Oops—I did it again.  I took an unplanned leave of absence from blogging.  I guess it was a blog-cation.  I’ve just been a bit busy and at night it was just too tempting to zone out and watch episodes of Nip Tuck at night.  But after tomorrow, I am on summer vacation, and I plan to do some catching up and more cooking!

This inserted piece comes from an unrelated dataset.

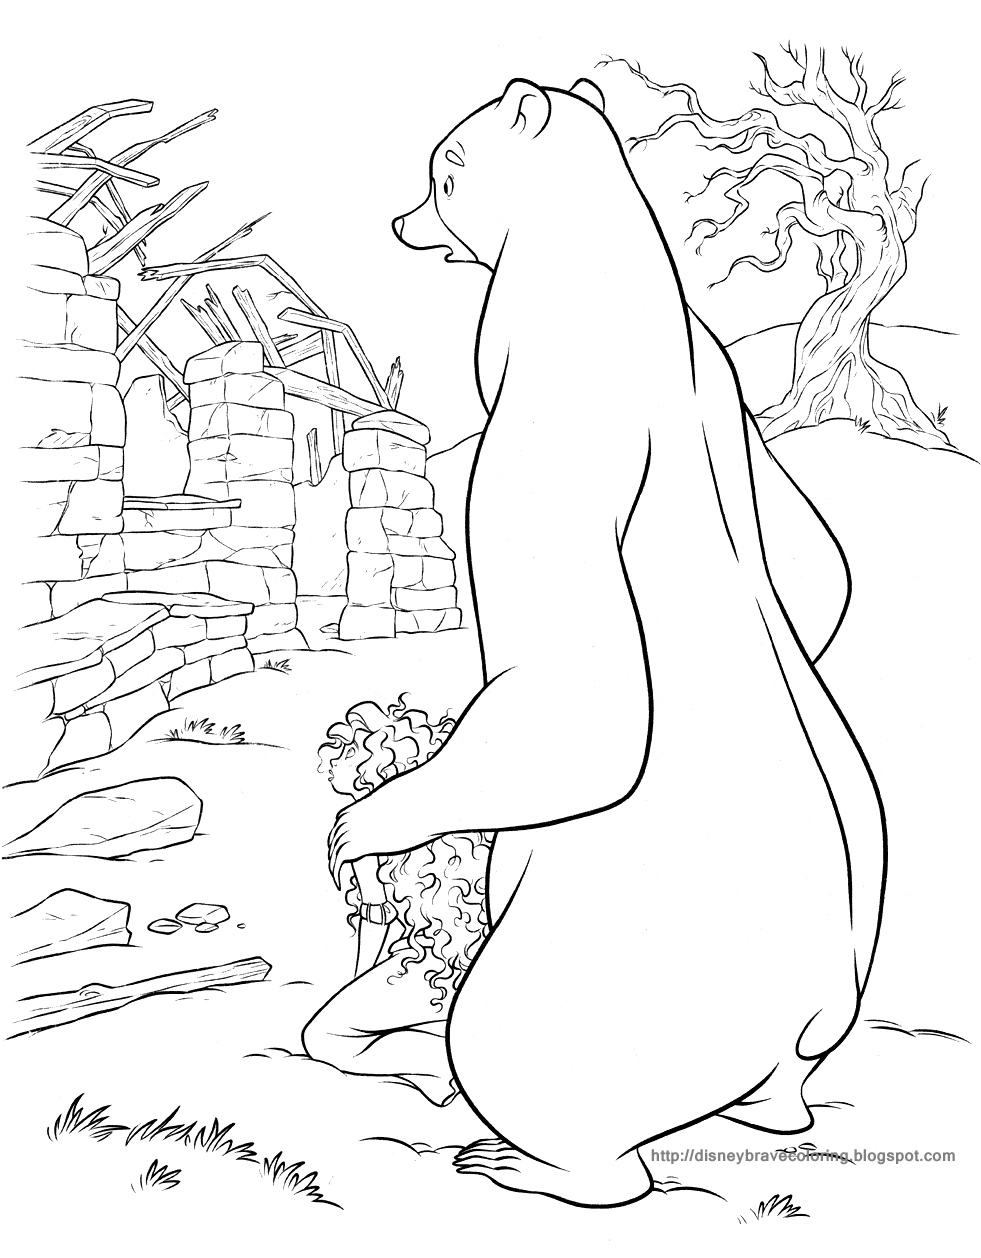 disney brave coloring pages - photo #46

Whole30 Update: I finished! 

The

I actually finished my 30 days on May 28.  It felt so great to get to the end and know that I made it through!  Lots of things happened over my 30 days:

  • I started sleeping better than I can remember in many years.  Every. Single. Night.
  • I quit taking my joint supplement before I started and haven’t resumed it since!  Woo Hoo!  I also will tell you that I used to take Advil before I taught my Zumba classes and I have quit doing that completely.  And I feel great afterwards.  Before the Whole30, if I taught on consecutive days, it was really hard on my body.  However, last week, I taught for 4 consecutive days and still felt great!  This is probably one of the best benefits!
  • I lost about 8 pounds.  This was also awesome.  I was even able to get into the next (lower) weight “decade.”
  • I lost 3 inches from my chest, waist, and hips.  I didn’t measure arms and legs at the beginning, but I should have.
  • I ate new veggies I never tried before or tried them in a new way: artichokes (loved!), jicama (didn’t love), mashed cauliflower (yum! Just about as delish as mashed potatoes)zucchini and squash “noodles” (loved the zucchini, didn’t love the squash as noodles), grilled zucchini, plantain chips, dried okra, and more.
  • I fell in love with Kombucha.  I still don’t totally understand WHAT it is… (fermented tea?) but I love it. 
  • I learned that I can live without bread and all those bread-like things.  (Waffles, English Muffins, bagels, etc.)  It was hard at first to give them up, but I have found that eliminating grains has helped me to eat more healthy foods and not feel bloated and disgusting after a meal. 
  • I (mostly) gave up snacking!  I was a huge snacker before, especially at night.  But on Whole30, I really didn’t feel the need to snack.  This also was a huge difference.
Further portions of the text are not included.